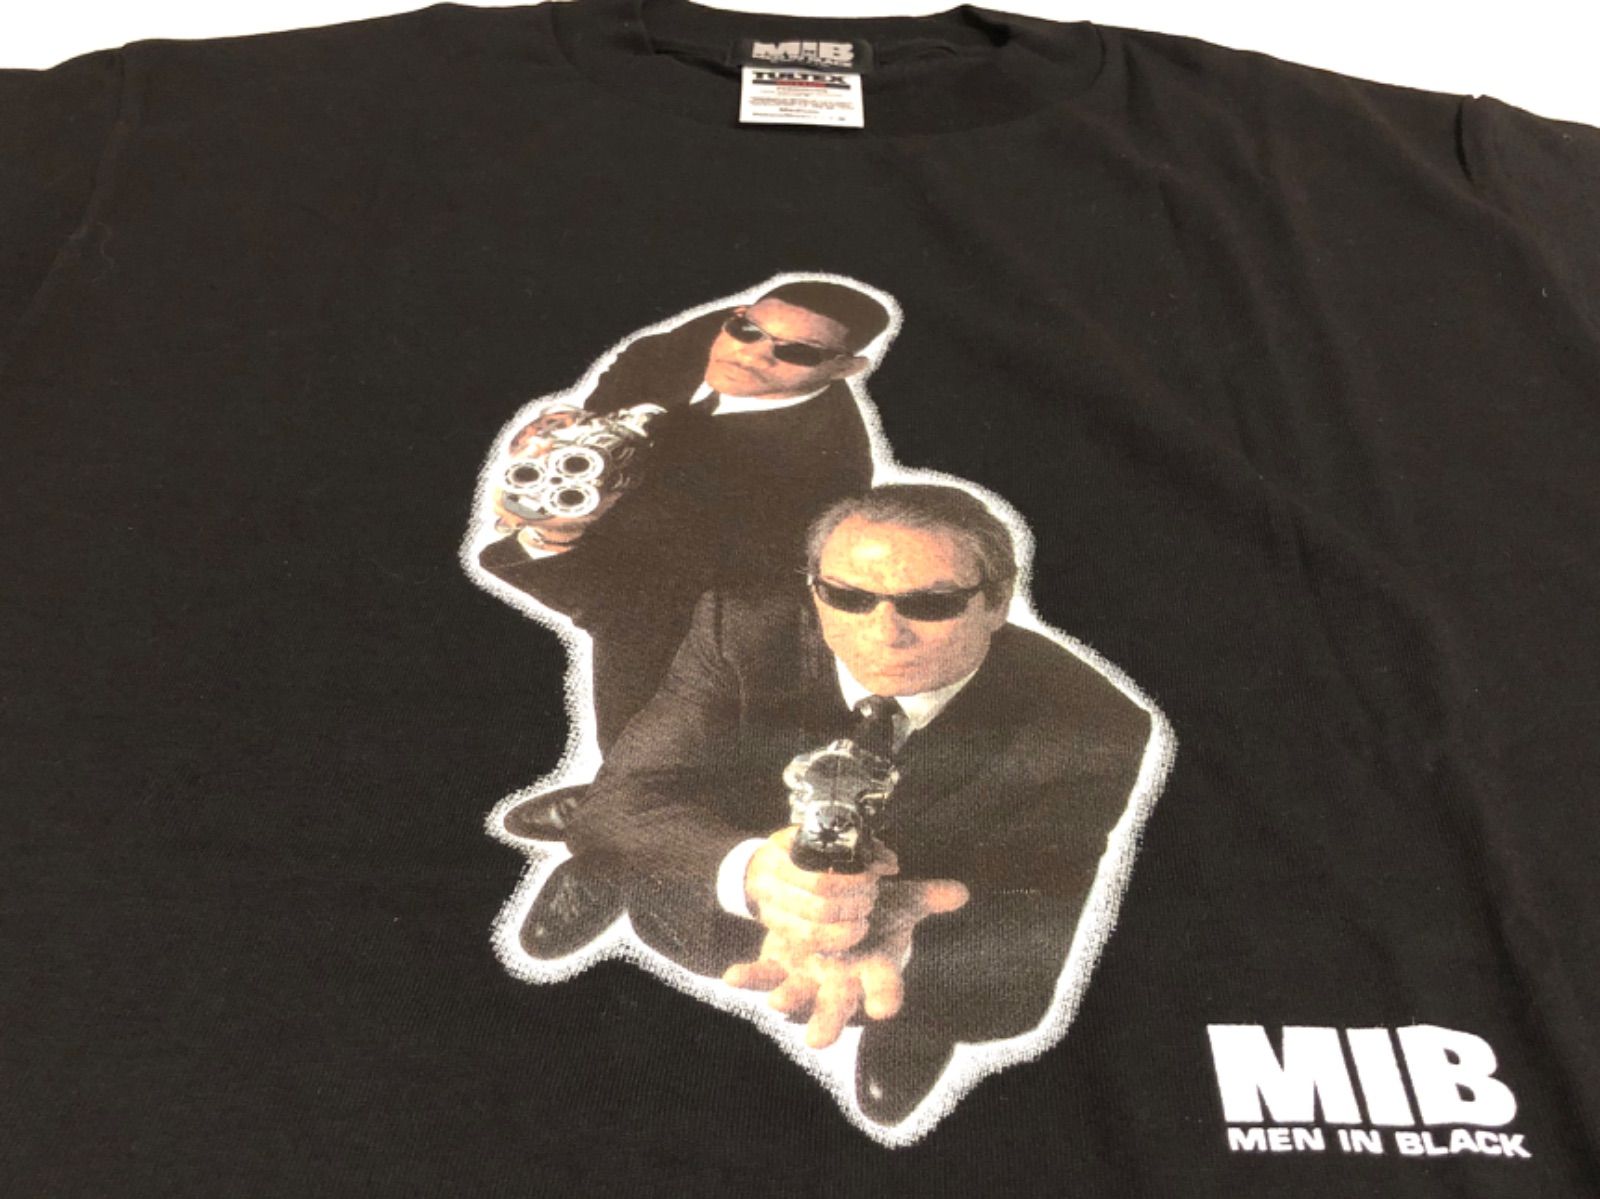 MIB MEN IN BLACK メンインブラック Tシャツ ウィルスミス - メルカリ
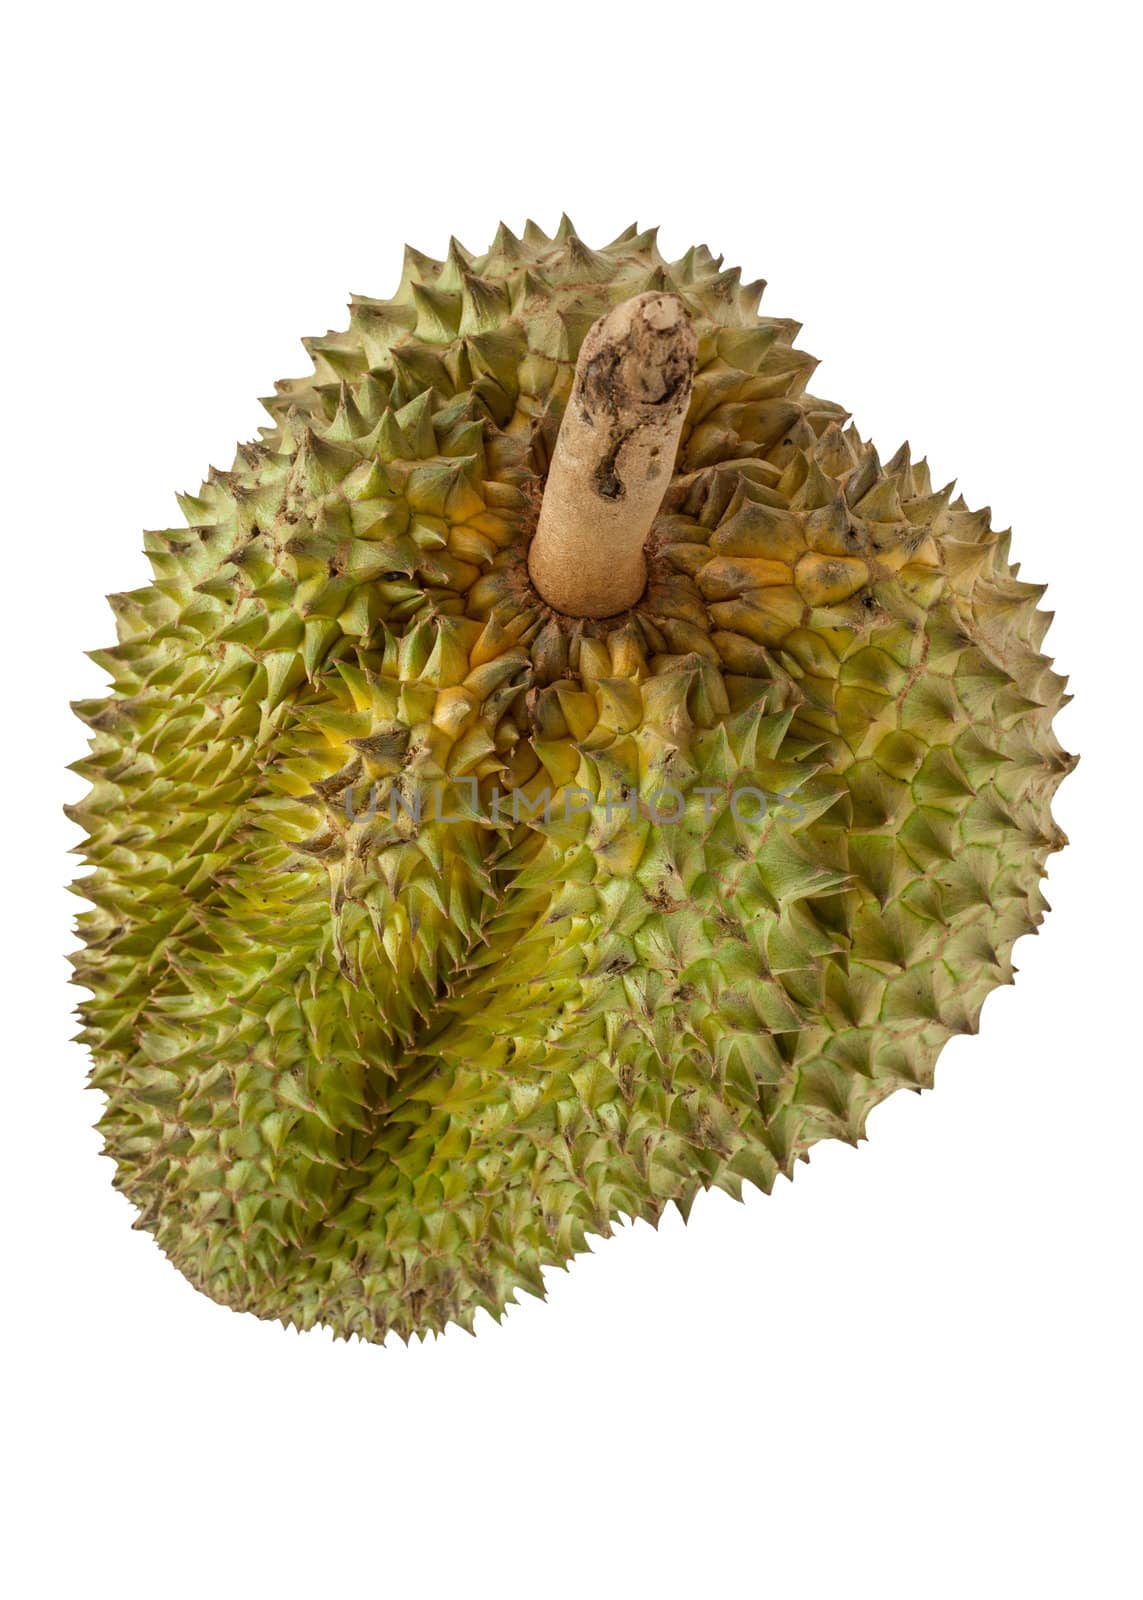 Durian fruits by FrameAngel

* * * * *

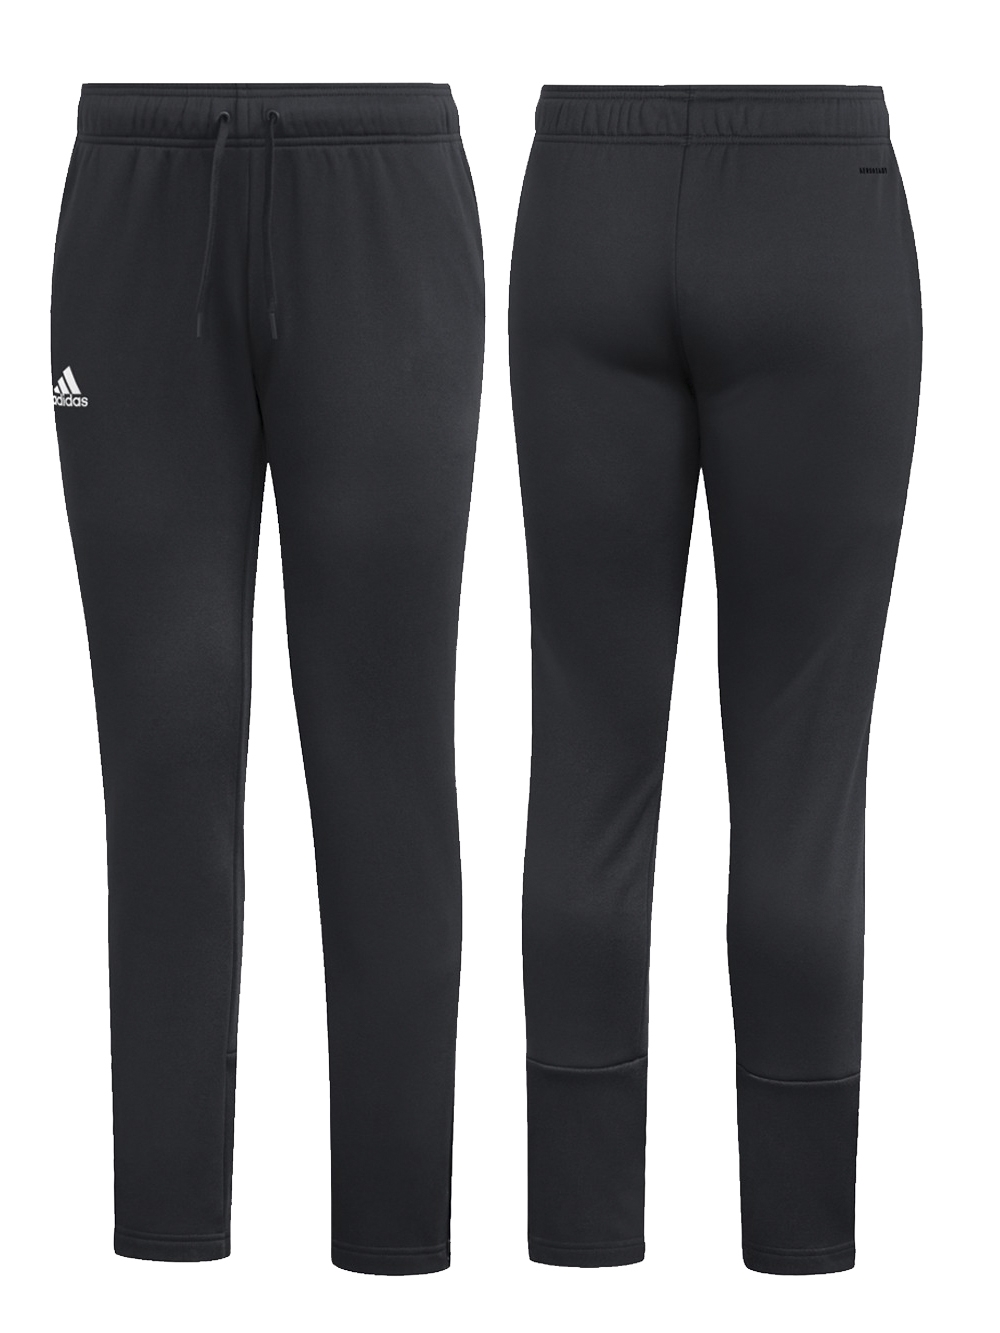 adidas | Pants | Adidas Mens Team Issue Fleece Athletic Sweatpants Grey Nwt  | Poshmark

* * * * *

## TASK ITEM
From the records above, give again only the part that opens with the line containing "MIB MEN IN BLACK メンインブラック Tシャツ ウィルスミス - メルカリ" and closes with the line containing "Durian fruits by FrameAngel". Keep both ends but drop the pictures.

## RESPONSE AREA
 MIB MEN IN BLACK メンインブラック Tシャツ ウィルスミス - メルカリ
 Durian fruits by FrameAngel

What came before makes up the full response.